Then you prove that the definition of boundary points do not depend on what chart are you taking, and that is a topological argument:

Take two charts having a point $x\in\partial M$, $\phi$ and $\psi$,and take $\rho:=\phi^{-1}\circ\psi$, which is a homeomorphism (I will omit the domain and codomain). If you prove that points of $\text{int}(\mathbb{R}^n_+)$ are mapped to $\text{int}(\mathbb{R}^n_+)$ then it is proved. To simplify notation I will take $n=2$ but the idea is the same in more dimensions.

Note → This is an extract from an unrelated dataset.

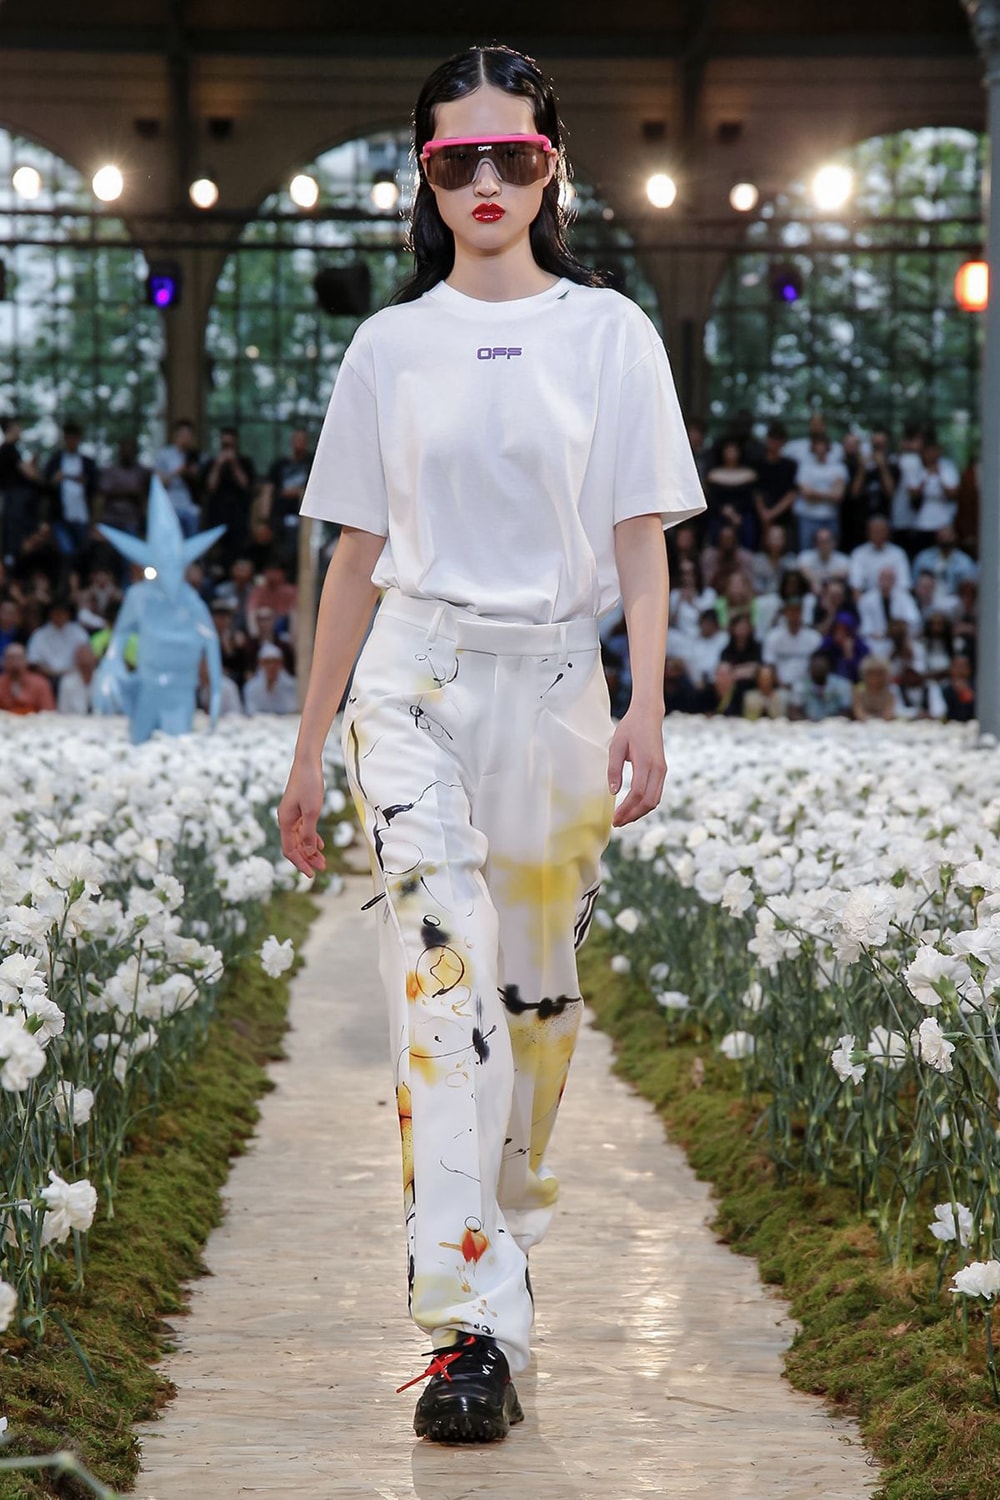 The Top Collections of Spring 2020

To do so suppose that $x\in\text{int}(\mathbb{R}^n_+)$ is mapped to $\partial\mathbb{R}^n_+$, take an open neighborhood of $x$, $U$, and $\rho(U)$. The idea is to find a set that divides $\rho(U)$ in two connected components but not $U$. Take a straight line $H$ (hyperplane) on $\rho(U)$ but not on $\partial\mathbb{R}^n_+$. If $\rho^{-1}(L)$ does not divide $U$ in two components we are done. If it does then take a curve/set/line $H_0$ starting at $x$ and dividing ONE of the two components of $U-\rho^{-1}(L)$ (*). Then $\rho(H_0)$ divides $\rho(U)$ into two connected components as $\bar{H_0}$ contained a point on the frontier of $U$, $H_0$ is connected and $\rho$ is a homeomorphism, but $H_0$ does not divide $U$ into two components. Absurd.

(*) E.g. if $U$ is a disc, $H_0$ could be a radius.

If you do not see clear what is the argument with $n>2$ take an inductive argument using this as a base case, or even the easier one-dimensional case (that is proven by taking connected components). If you have the result proved for some $n$ then, taking projections and slices, the result follows.

Finally this is way more easy if the manifold is at least $C^1$, using the inverse function theorem.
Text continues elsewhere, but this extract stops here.